The coefficient of variation of two distributions are 60 and 70 and their standard deviations are 21 and 16 respectively. Find their arithmetic means.
Solution:
I distribution:
Let \(\overline{\mathbf{x}}_1\) and σ₁ be the mean and standard deviation of I distribution.
Given that, Coefficient of variation, C.V = 60
Standard deviation, σ₁ = 21
∴ CV = \(\frac{\sigma_1}{x_1}\) × 100
60 = \(\frac{21}{\overline{\mathrm{x}}_1}\) × 100
\(\overline{\mathrm{x}}_1=\frac{21}{60} \times 100\)

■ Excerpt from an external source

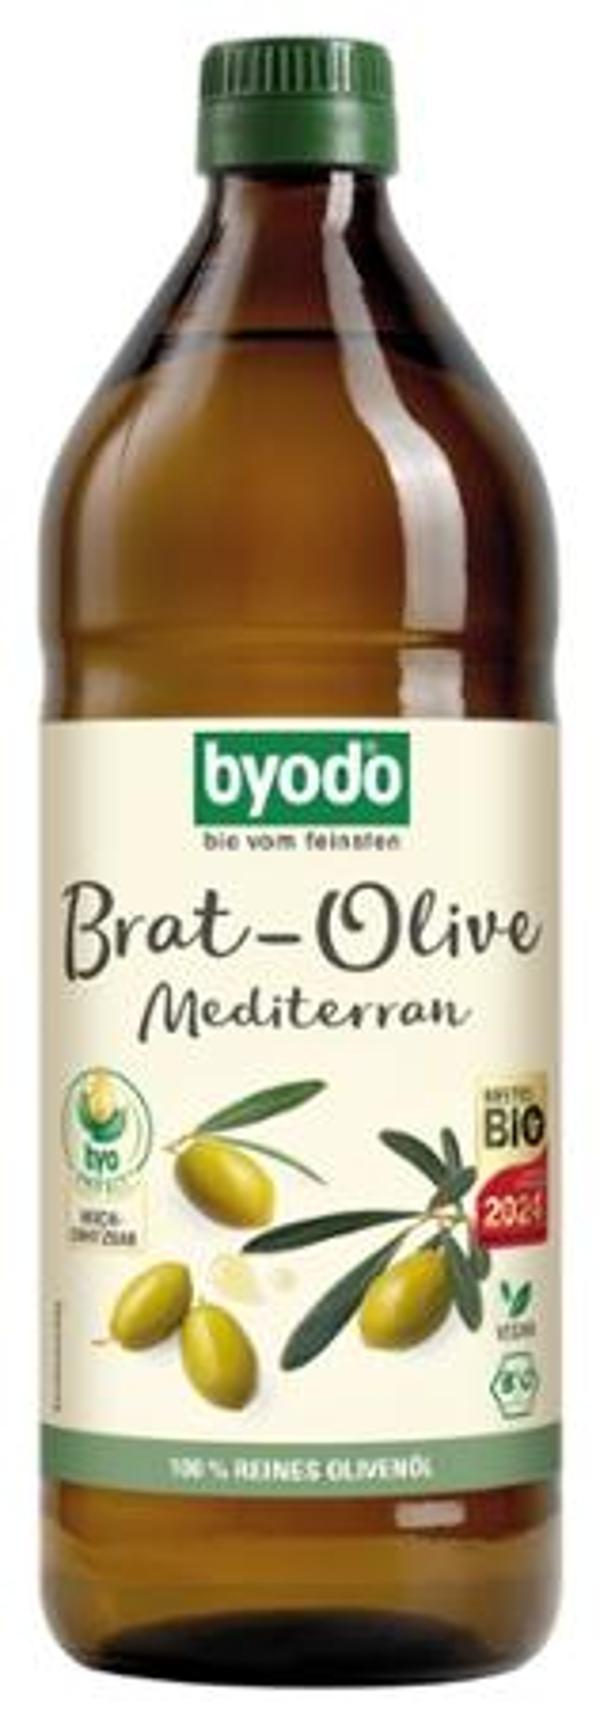 Produktfoto zu Bratöl Olive mediterran

\(\overline{\mathrm{x}}_1\) = 35

II distribution:
Let \(\overline{\mathrm{x}}_2\) and σ₂ be the mean and standard deviation of II distribution.
Given that, C.V = 70
Standard deviation, σ₂ = 16
∴ CV = \(\frac{\sigma_2}{\overline{\mathrm{x}}_2}\) × 100
70 = \(\frac{16}{\bar{x}_2}\) × 100
\(\overline{\mathrm{x}}_2\) = \(\frac{16}{70}\) × 100
= \(\frac{160}{7}\) = 22.85.

Question 18.
The mean of 5 observations is 4.4. Their variance is 8.24. If three of the observations are 1, 2 and 6, find the other two observations.
Solution:
Let, the remaining 2 observations be x, y.

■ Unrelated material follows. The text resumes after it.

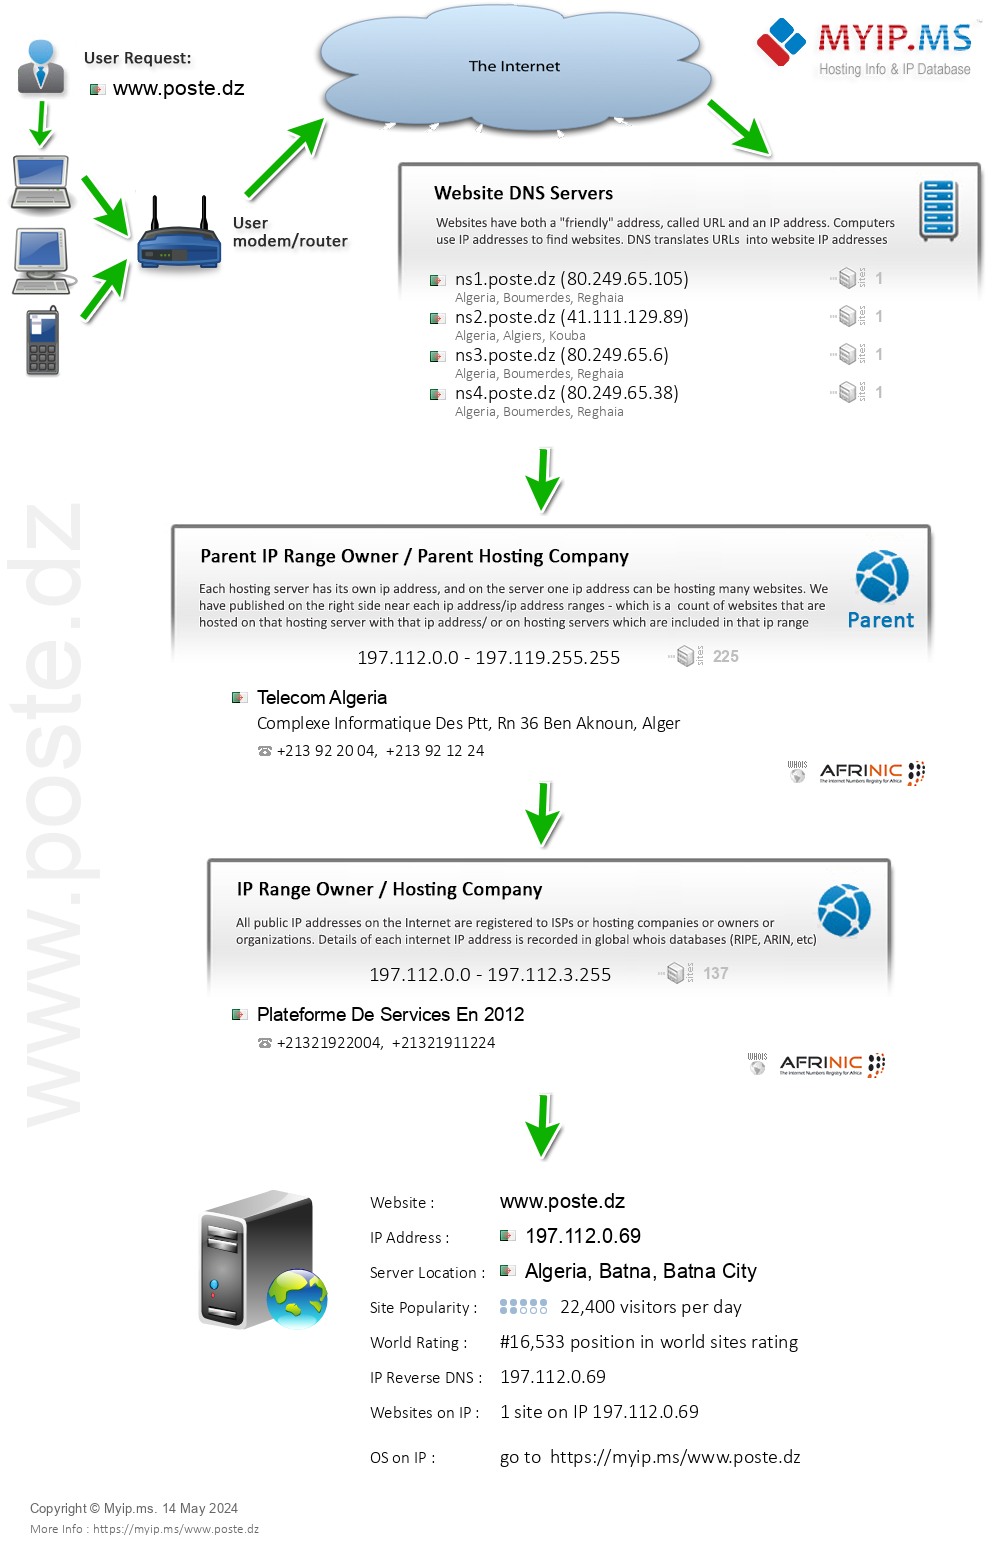 Poste.dz - Website Hosting Visual IP Diagram

∴ The series is 1, 2, 6, x, y.
Given that, mean, \(\overline{\mathbf{x}}\) = 4.4
\(\frac{1+2+6+\mathrm{x}+\mathrm{y}}{5}\) = 4.4
9 + x + y = 22
x + y = 13 ……………….(1)
Given that, σ² = 8.24
\(\frac{\sum_{i=1}^n x_i^2}{n}-(\bar{x})^2\) = 8.24
\(\frac{1+4+36+x^2+y^2}{5}\) = (4.4)² = 8.24
\(\frac{41+x^2+y^2}{5}\) = 8.24 + 19,36
\(\frac{41+x^2+y^2}{5}\) = 27.6
41 + x² + y² = 138
x² + y² = 138 – 41
x² + y² = 97 ……………..(2)
From(1), y = 13 – x
From (2), x² + (13 – x)² = 97
x² + 169 + x² – 26x – 97 = 0
2x² – 26x + 72 = 0
x² – 13x + 36 = 0
x² – 9x – 4x + 36 0
x(x – 9) – 4 (x – 9) = 0
(x – 9) (x – 4) = 0
x = 9 or x = 4
If x = 4 then y = 13 – 4 = 9
If x = 9 then y = 13 – 9 = 4
∴ The remaining two observations are 4 and 9.

Question 19.
The arithmetic mean and standard deviation of a set of 9 items are 43 and 5 respectively. If an item of value 63 is added to that set, find the new mean and standard deviation of 10 item set given.
Solution:
Given that, number of items, n = 9
Mean, \(\overline{\mathrm{x}}\) = 43
\(\frac{1}{n} \sum_{i=1}^9 x_i\)= 43
\(\frac{1}{9} \sum_{i=1}^9 x_i\) = 43
\(\sum_{i=1}^9 x_i\) = 387
Now, given 10th item = 63
∴ Sum of the 10 observations \(\sum_{i=1}^9 x_i\) + 63 = 387 + 63 = 450
The mean of the new observations \(\frac{1}{n} \sum_{i=1}^{10} x_i\) = \(\frac{1}{10}\) (450) =
Given that, standard deviation, σ = 5
σ² = 25
\(\frac{1}{n} \sum_{i=1}^9 x_i^2-(\bar{x})^2\) = 25
\(\frac{1}{9} \sum_{i=1}^9 x_i^2-(43)^2\) = 25
\(\frac{1}{9} \sum_{i=1}^9 x_i^2\) – x = 25 + (43)²
= 25 + 1849 = 1874
\(\frac{1}{9} \sum_{i=1}^9 x_i^2\) = 1874 × 9 = 16866
Given that, 10th item = 63
∴ \(\frac{1}{9} \sum_{i=1}^10 x_i^2\) = \(\frac{1}{9} \sum_{i=1}^9 x_i^2\) + (63)²
= 16866 + 3969 = 20835
The variance of new observations = \(\frac{1}{n} \sum_{i=1}^{10} x_i^2-\bar{x}^2\)
= \(\frac{1}{10}\) (20835) – (45)²
= 2083.5 – 2025 = 58.5
∴ Standard deviation = √58.5 = 7.64.